Sinn Féin in bid to recall Stormont Assembly next week ahead of public sector strike


The recall motion will require the backing of 30 MLAs to succeed.
 

A BID IS under way to have the Stormont Assembly recalled next week.

Sinn Féin is attempting to bring the recall on Wednesday – the day before trade unions are planning one of the largest public sector strikes Northern Ireland has seen in recent history.

Thursday is also the deadline for Secretary of State for Northern Ireland Chris Heaton-Harris to call fresh Assembly elections if devolved government in Northern Ireland has not been restored.

The Assembly has been effectively collapsed for almost two years. The DUP is refusing to participate until unionist concerns around post-Brexit trading arrangements are addressed.

Sinn Féin’s Stormont leader Michelle O’Neill said her party has initiated an Assembly recall to restore the Executive and “urgently deliver a fair pay deal for public sector workers”.

The recall motion will require the backing of 30 MLAs to succeed.

It urges that the Assembly meets urgently to elect a Speaker and Deputy Speakers, appoint ministers and back a motion which endorses fair pay settlements for public sector workers.

It also calls for the DUP to “respect the democratic outcome of the May 2022 Assembly election” in which Sinn Fein made history by becoming the first nationalist or republican party to top the Stormont poll and entitling it to nominate the first nationalist or republican First Minister.

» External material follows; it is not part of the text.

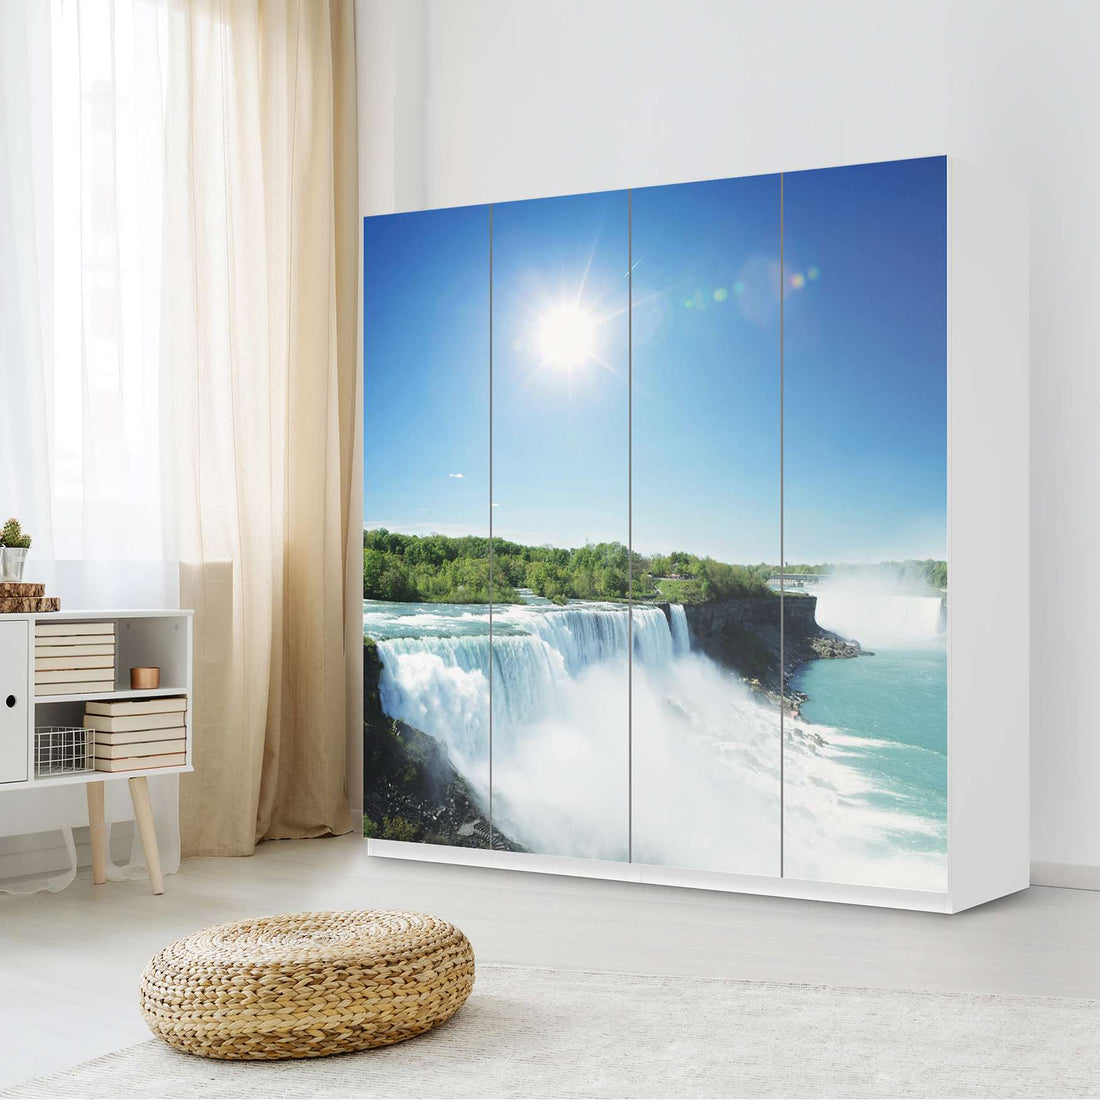 Klebefolie für Schränke Niagara Falls - IKEA Pax Schrank 201 cm Höhe - 4 Türen - Schlafzimmer

Finally it emphasises the “pressing need to urgently reinstate the Executive to tackle the unprecedented challenges confronting citizens and our public services, particularly the immediate matter of public sector pay”.

The DUP has insisted it will not end its blockade until it secures legislative assurances from the Government on Northern Ireland’s trading position within the UK.

Heaton-Harris has said his talks with the DUP over the Windsor Framework have concluded, although leader Jeffrey Donaldson has insisted engagement is continuing.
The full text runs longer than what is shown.